La conquista della terraferma, in ogni modo, è stata stimolata, come per qualsiasi processo evolutivo, dalla competizione per il cibo, oramai abbondante in ambiente terrestre.
Gli anfibi, tuttavia, non sono mai riusciti a risolvere i problemi relativi alla vita in ambiente subaereo: la loro copertura poco sclerificata non permette un ciclo vitale completamente distaccato dagli ambienti acquatici e umidi e, soprattutto, hanno l’assoluta necessità di compiere i primi stadi del loro sviluppo larvale completamente immersi in acqua.
Proprio questa stravaganza, la doppia vita, dove del resto prende origine la parola anfibio (amphi = doppio bios = vita), è stato un primo passo evolutivo verso i rettili, gli uccelli ed infine i mammiferi.
Ad oggi siamo a conoscenza di circa 3500 specie di anuri (rospi e rane) e 350 specie di urodeli (salamandre, tritoni, geotritoni, protei e sirene), sicuramente una minima parte di un passato quanto mai ricco di forme e varietà.

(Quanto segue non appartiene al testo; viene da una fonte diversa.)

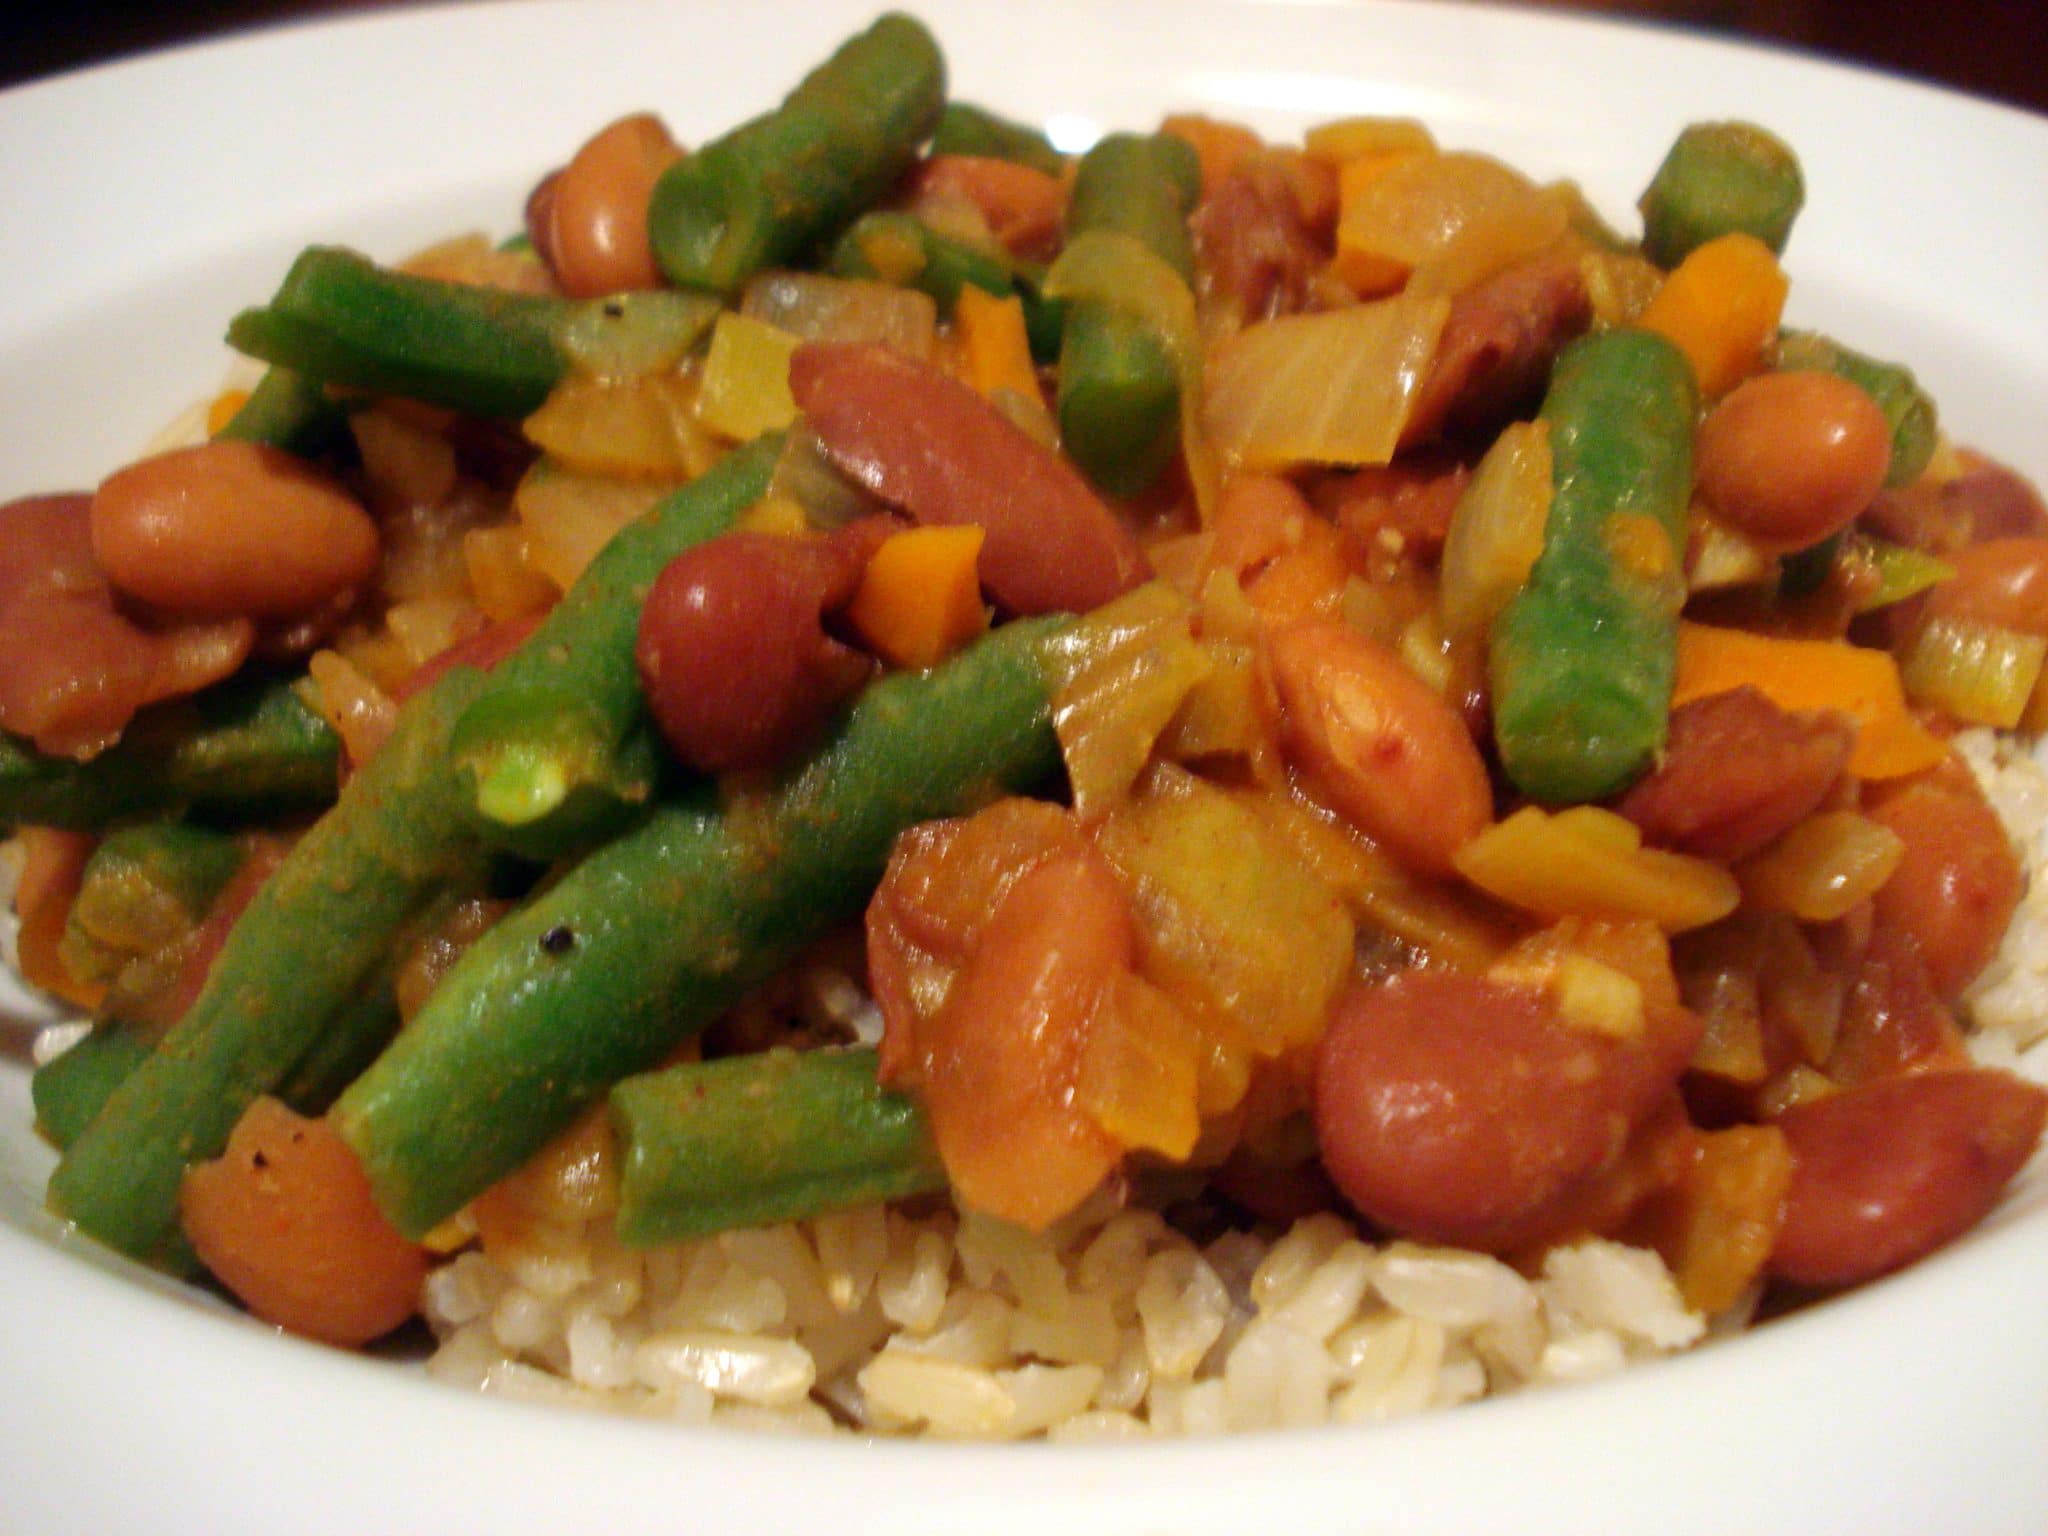 Bean stew with green beans and onions over rice

L’intera classe degli anfibi, comunque, è presente in tutti i continenti tranne che in Antartide, con medie e grosse dimensioni come per il genere Bufo, i rospi, fino a raggiungere piccolissime dimensioni come per il genere Dendrobates, minuscole rane dalla livrea con colorazione molto vistosa associata a secrezione di sostanze tossiche. 
L’epidermide di questi animali è costruita da diversi strati di cellule: la parte più esterna costituita da cellule morte, che impediscono l’essiccazione e che regolarmente sono eliminate e sostituite. Il pigmento viene, invece, dallo strato sotto l’epidermide, detto derma ed è costituito da due parti: uno strato interno compatto ed uno esterno ricco di ghiandole e cellule della pigmentazione o cromatofori, i quali assicurano la colorazione dell’animale e i relativi cambiamenti di colore per adattarsi all’ambiente.

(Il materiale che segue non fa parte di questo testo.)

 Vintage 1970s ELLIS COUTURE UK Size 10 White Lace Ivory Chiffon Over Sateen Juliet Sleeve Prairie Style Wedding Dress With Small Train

Una colorazione assai vistosa il più delle volte denota una tossicità della pelle dell’animale stesso, una specie di messaggio di allerta per i probabili predatori, come nel caso della Salamandra Salamandra Salamandra o ancora più evidente come nel caso delle rane del genere Dendrobates, le quali secernono tossine attraverso la loro pelle che le rende quanto meno non commestibili se non palesemente tossiche o velenose per qualsiasi predatore.

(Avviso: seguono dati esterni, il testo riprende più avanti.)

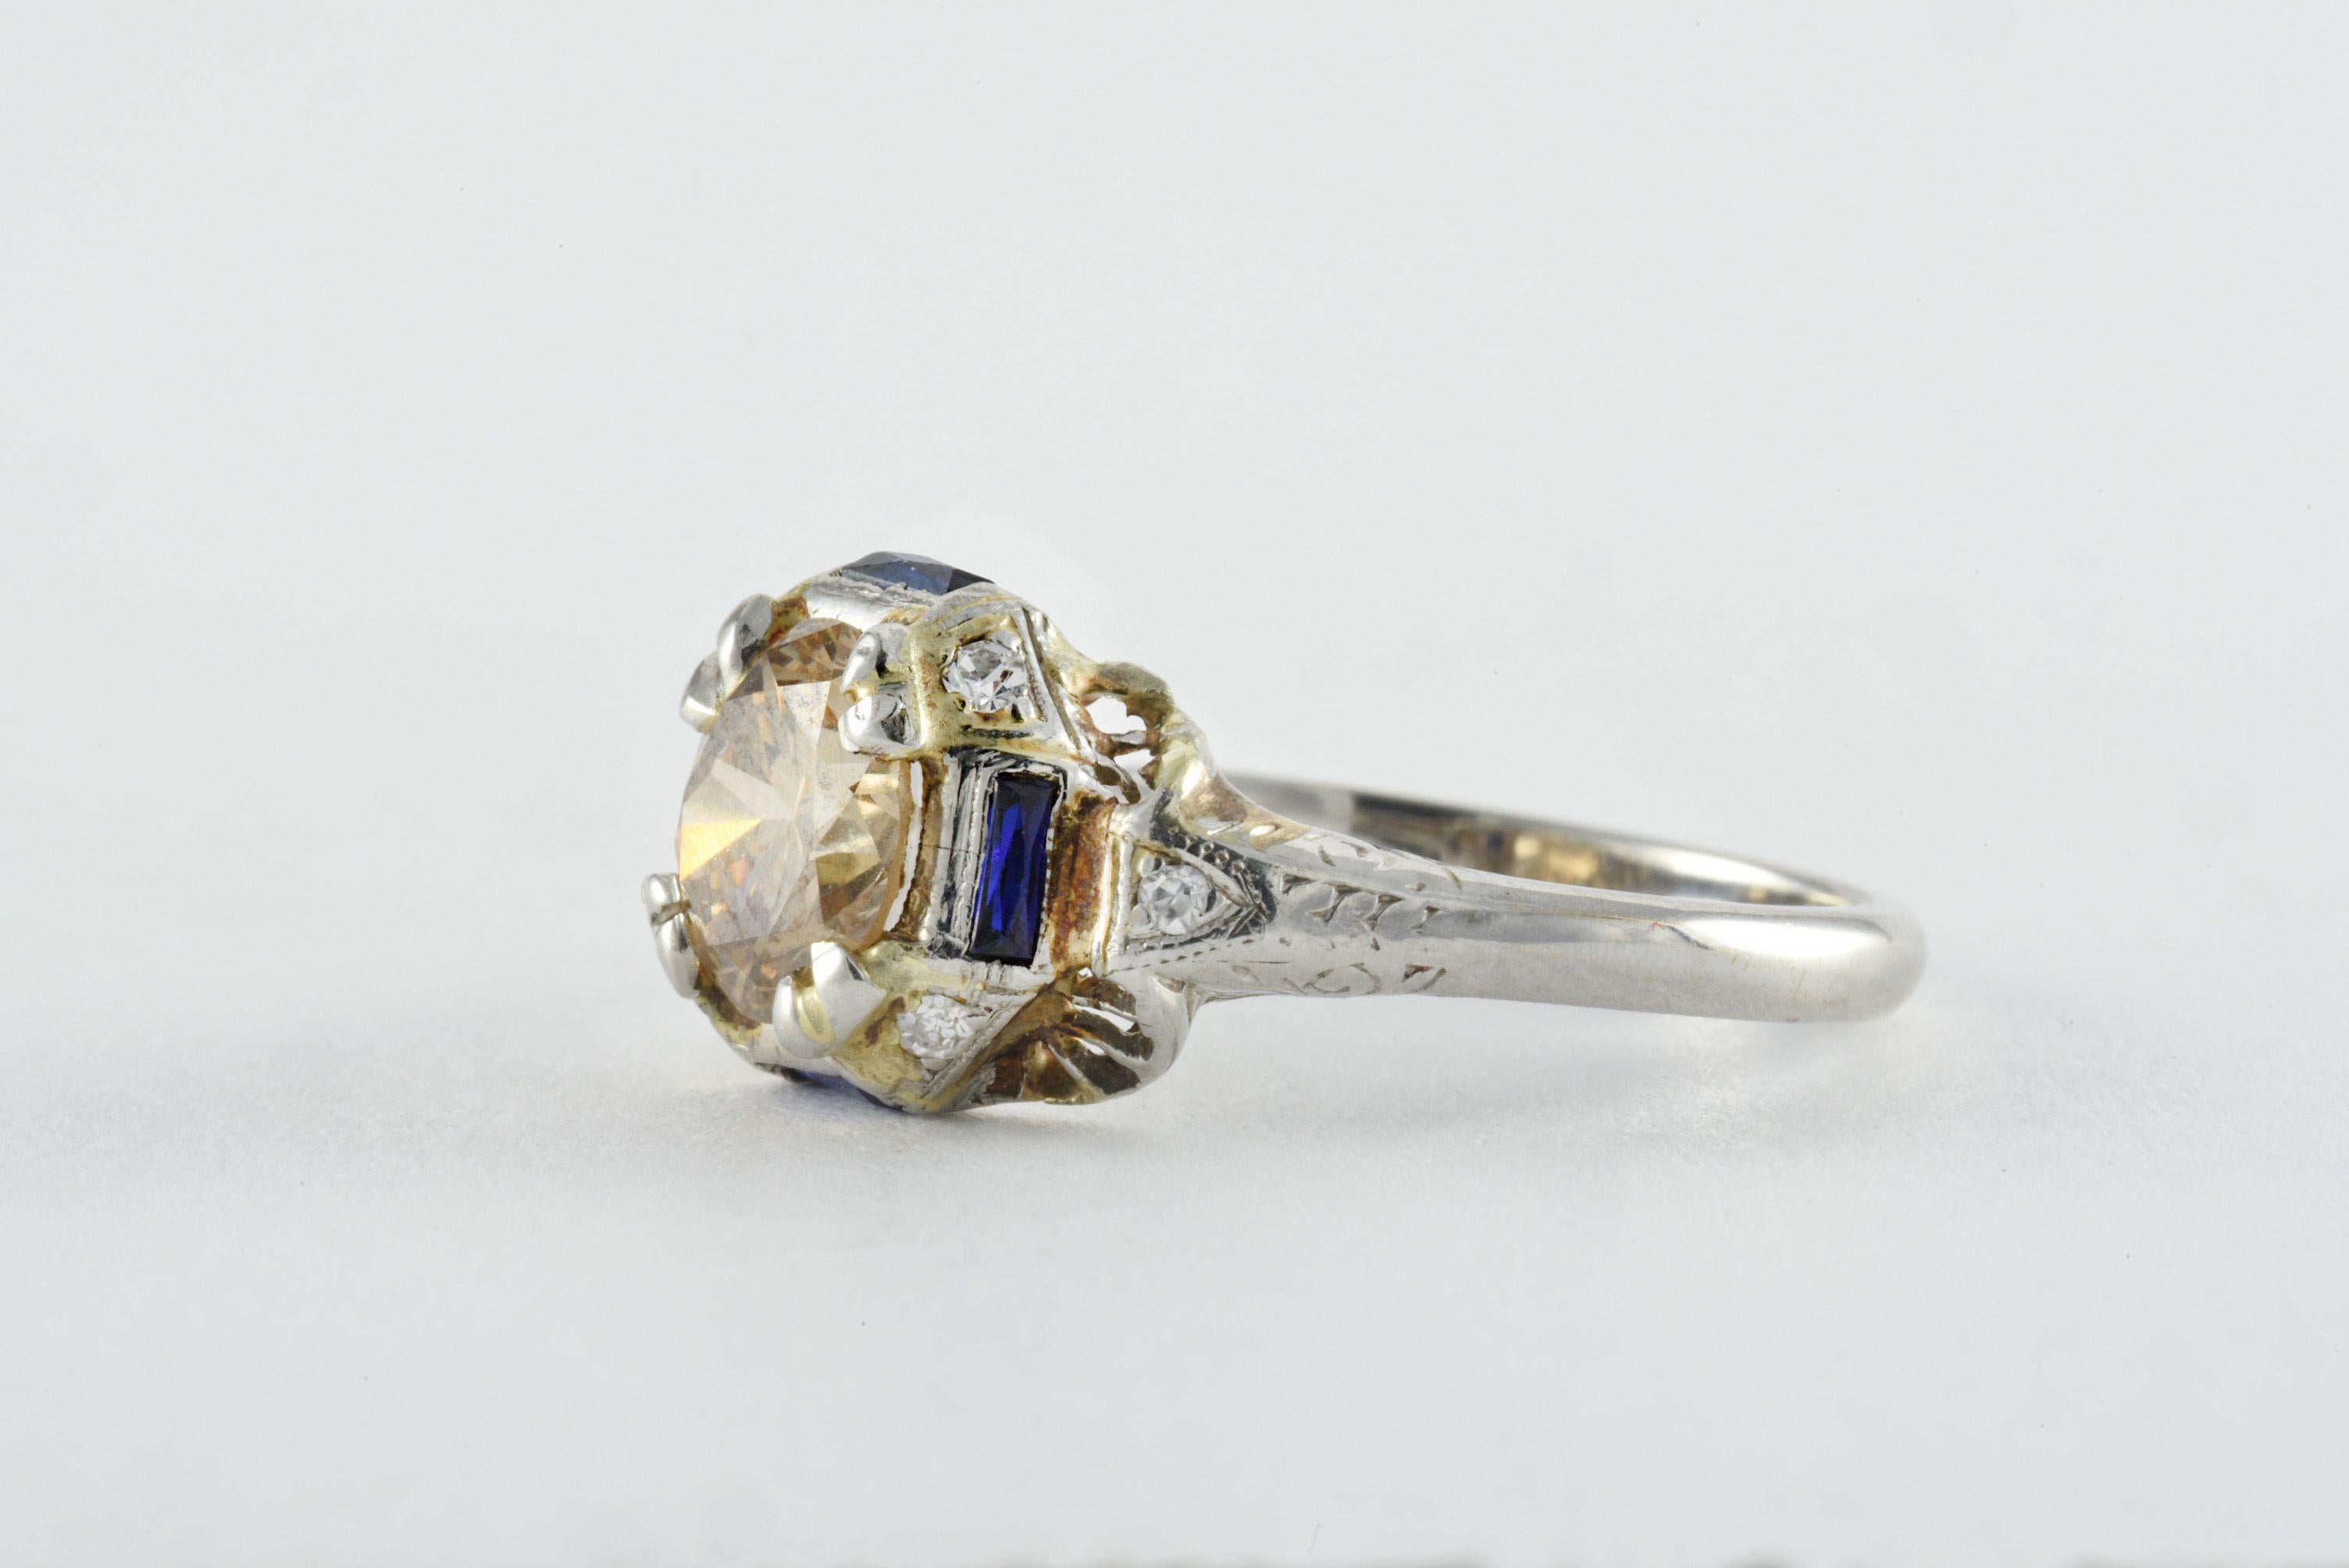 Crafted in the 1920s from 14kt white gold, this Art Deco band is designed around a bold Old European cut champagne colored diamond measuring approximately 1.34 carats accented by four baguette-cut blue sapphires, four single cut diamonds, and

Questa caratteristica della pelle degli anfibi ha regalato, già dai tempi di Plinio il Vecchio, a questi animali una cattiva reputazione, soprattutto per la Salamandra Salamandra Salamandra, considerata una creatura demoniaca di natura ignea in grado di contrastare il fuoco.
Dal medioevo ad oggi, comunque sono stati fatti molti passi in avanti nei confronti di questi particolari abitanti del pianeta: la ricerca scientifica negli ultimi anni ha prodotto delle interessanti scoperte sul trattamento di tenaci disturbi intestinali, usando come guida alcune proteine estratte dal veleno di un serpente e dalle secrezioni della pelle delle rane, identificando proteine umane, fino ad ora sconosciute, chiamate prochineticine, le quali sembrano controllare i muscoli.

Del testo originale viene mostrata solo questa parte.